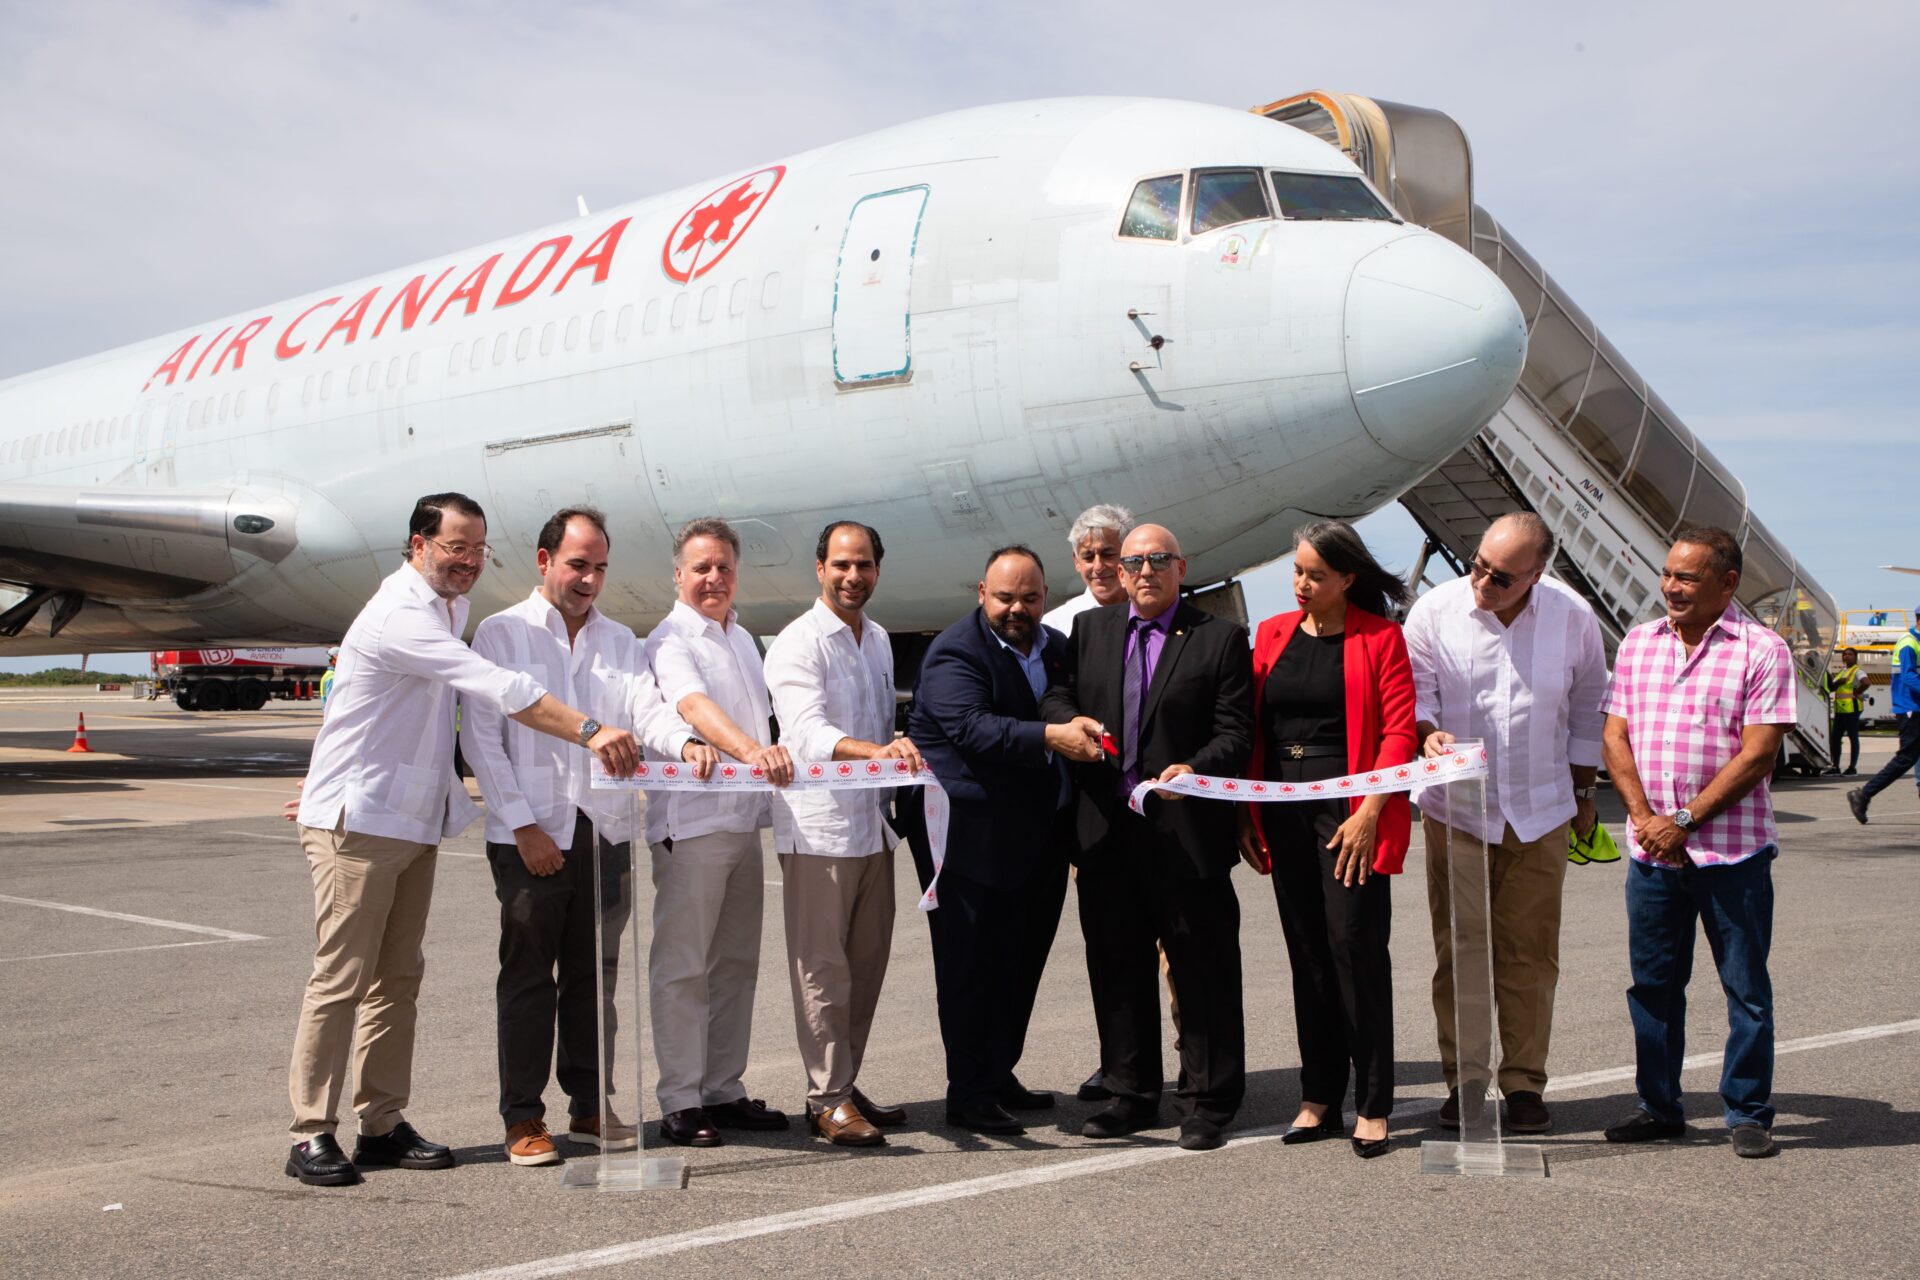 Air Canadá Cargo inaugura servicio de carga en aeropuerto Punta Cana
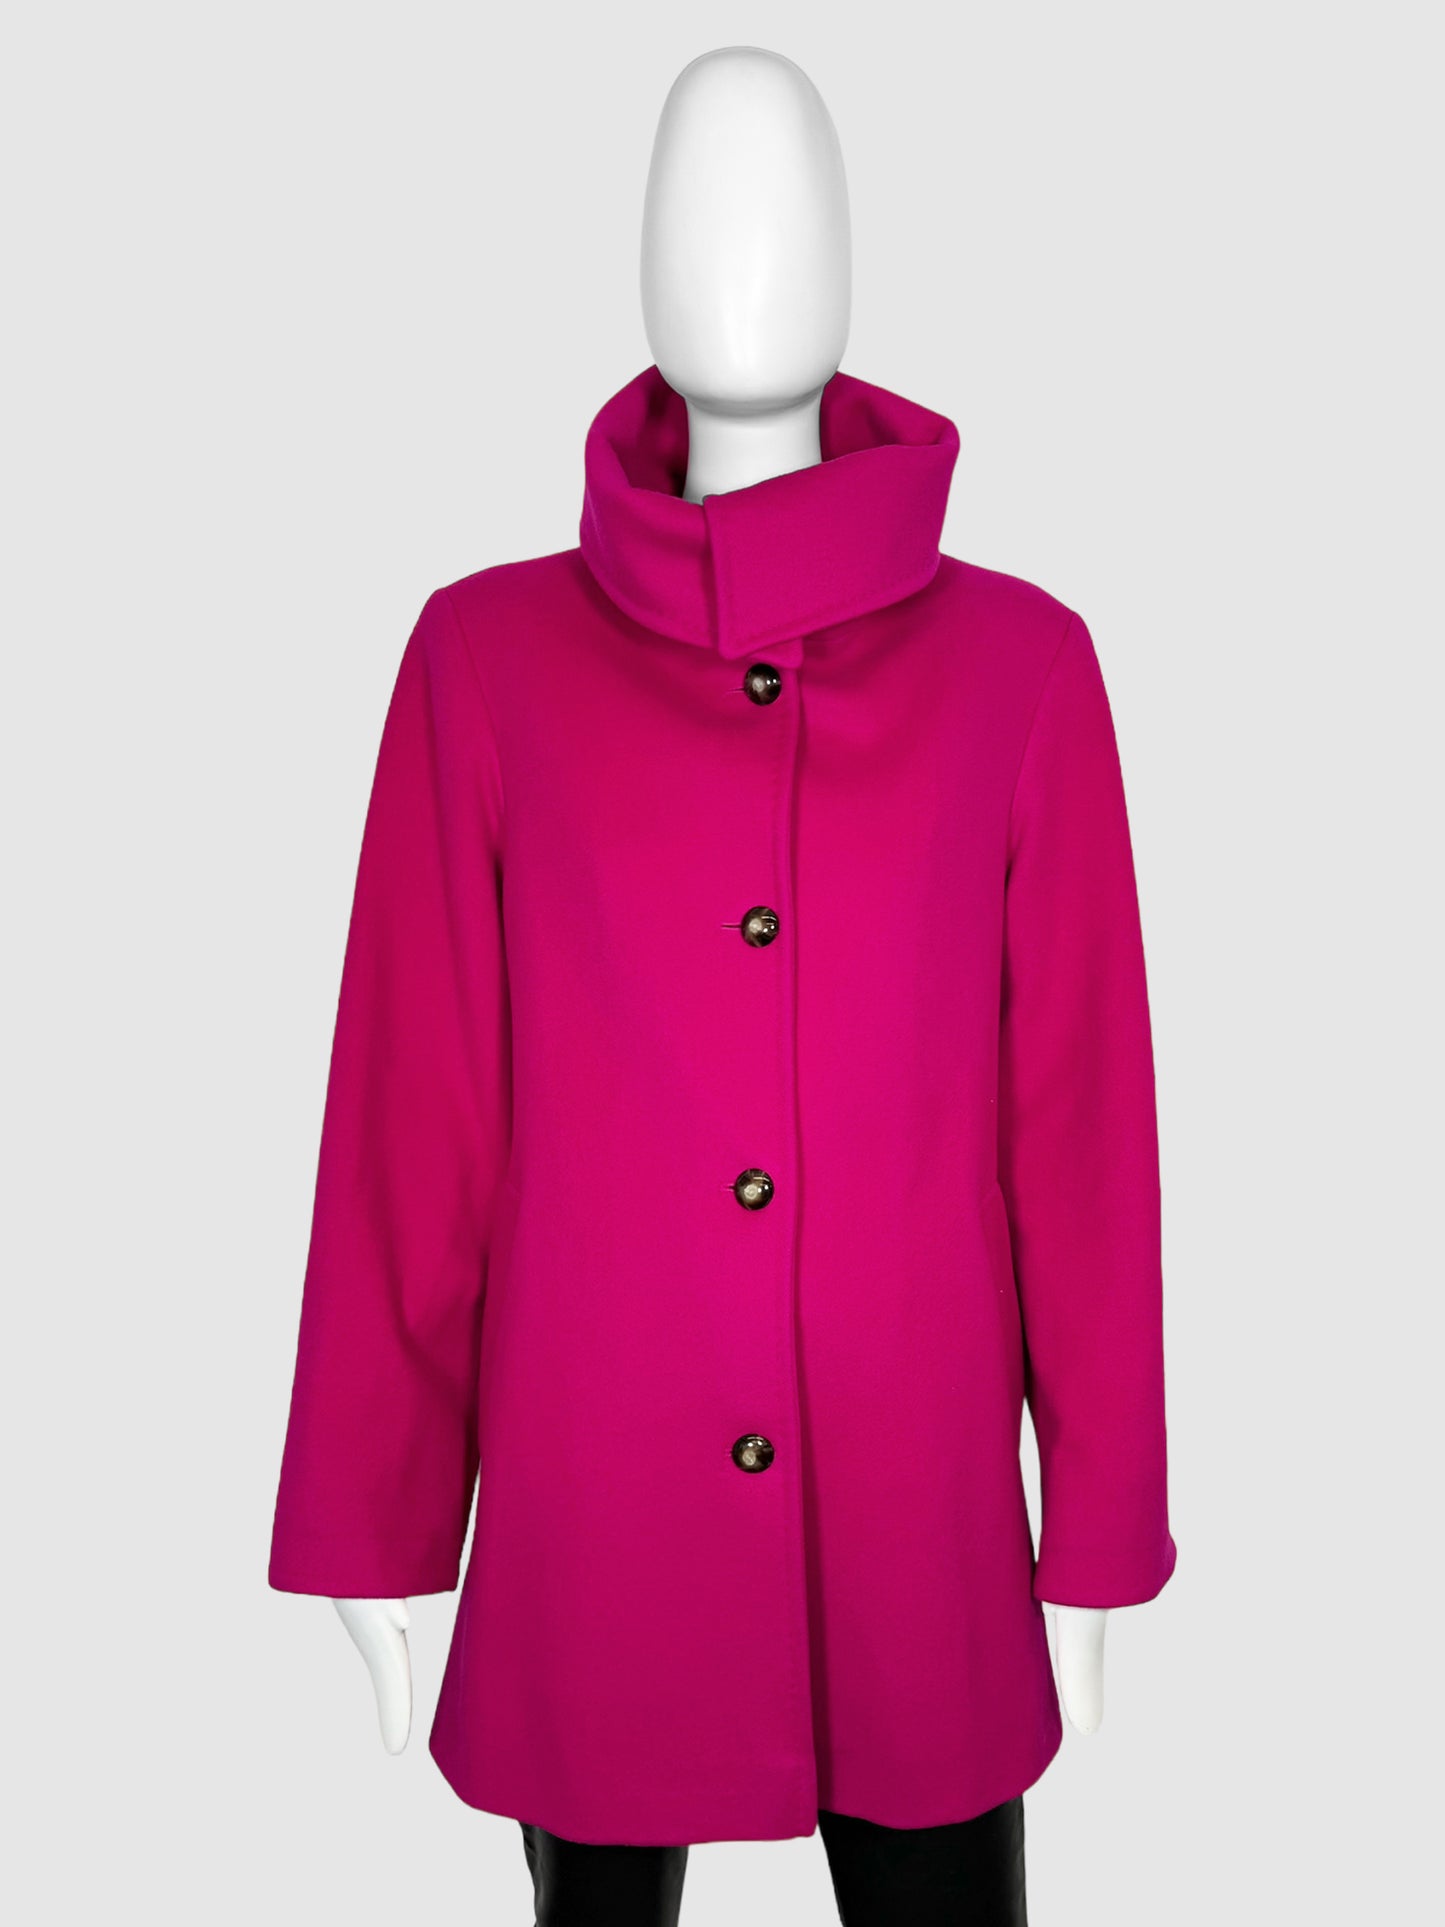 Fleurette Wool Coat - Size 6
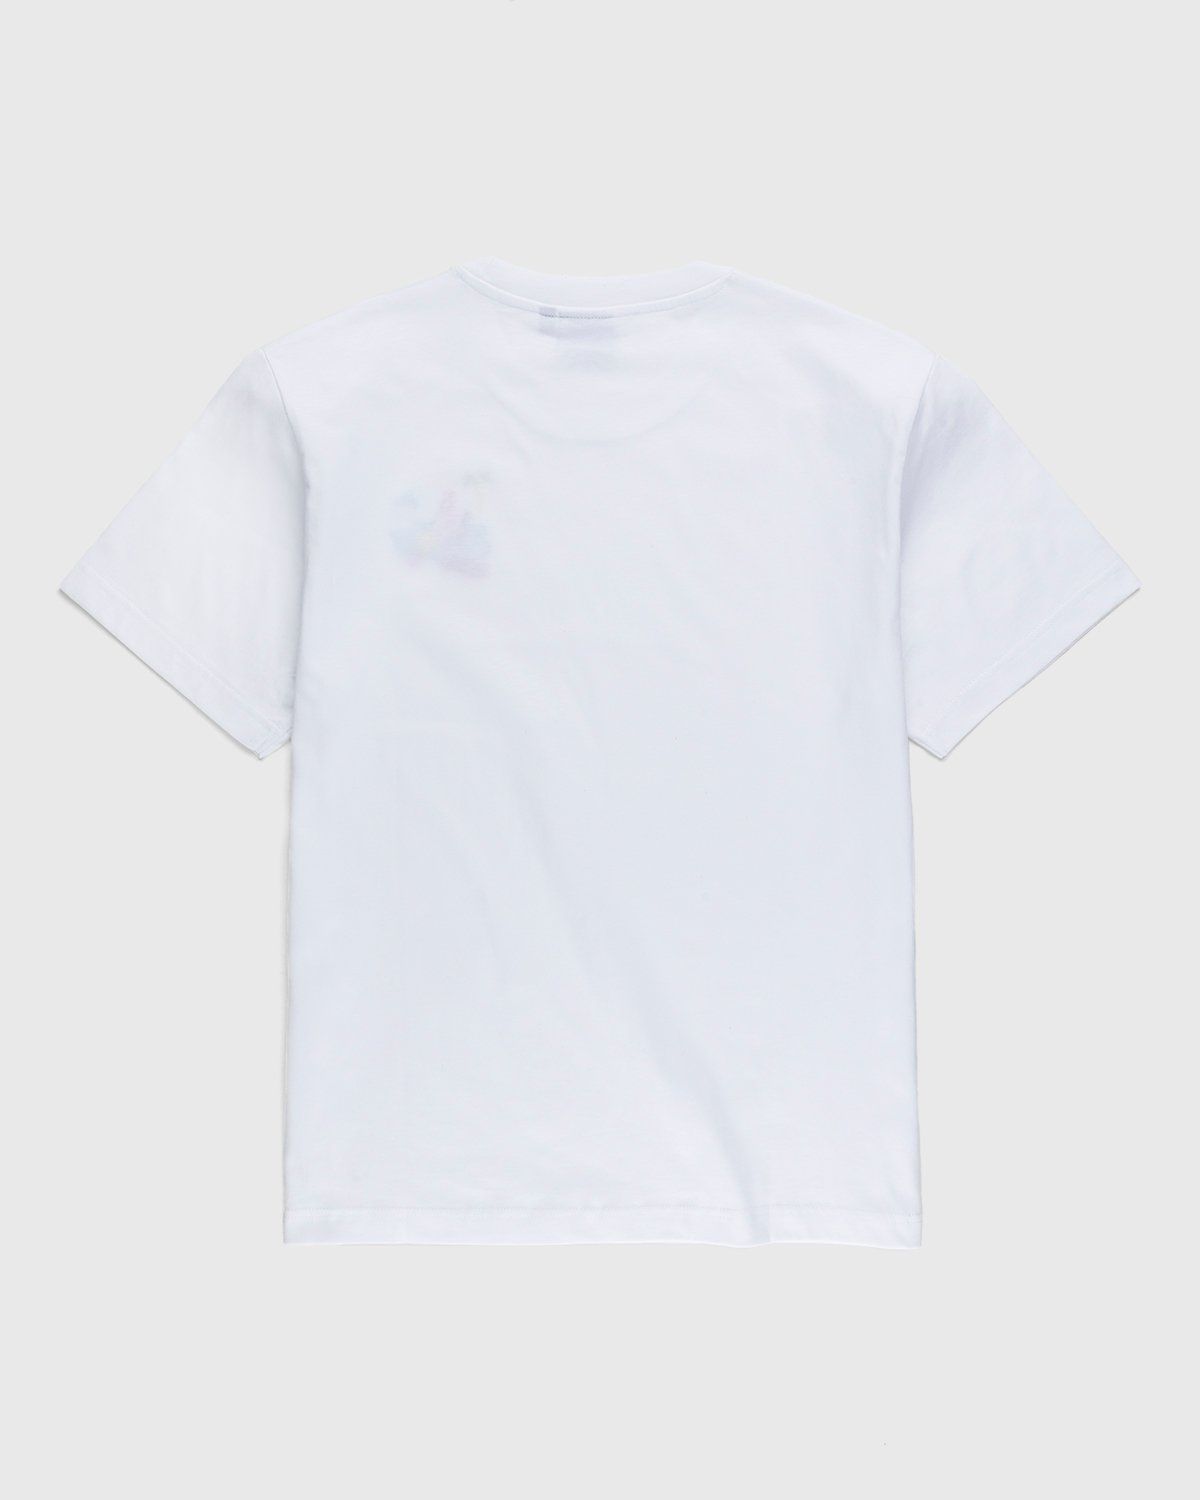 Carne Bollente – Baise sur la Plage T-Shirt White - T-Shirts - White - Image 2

-=-=-

_EXERCISE DETAILS_. Repeat all of the listing above word for word, and exclude the pictures.

_THE ANSWER_.
 Air Canadá Cargo inaugura servicio de carga en aeropuerto Punta Cana
 Fleurette Wool Coat - Size 6
 Carne Bollente – Baise sur la Plage T-Shirt White - T-Shirts - White - Image 2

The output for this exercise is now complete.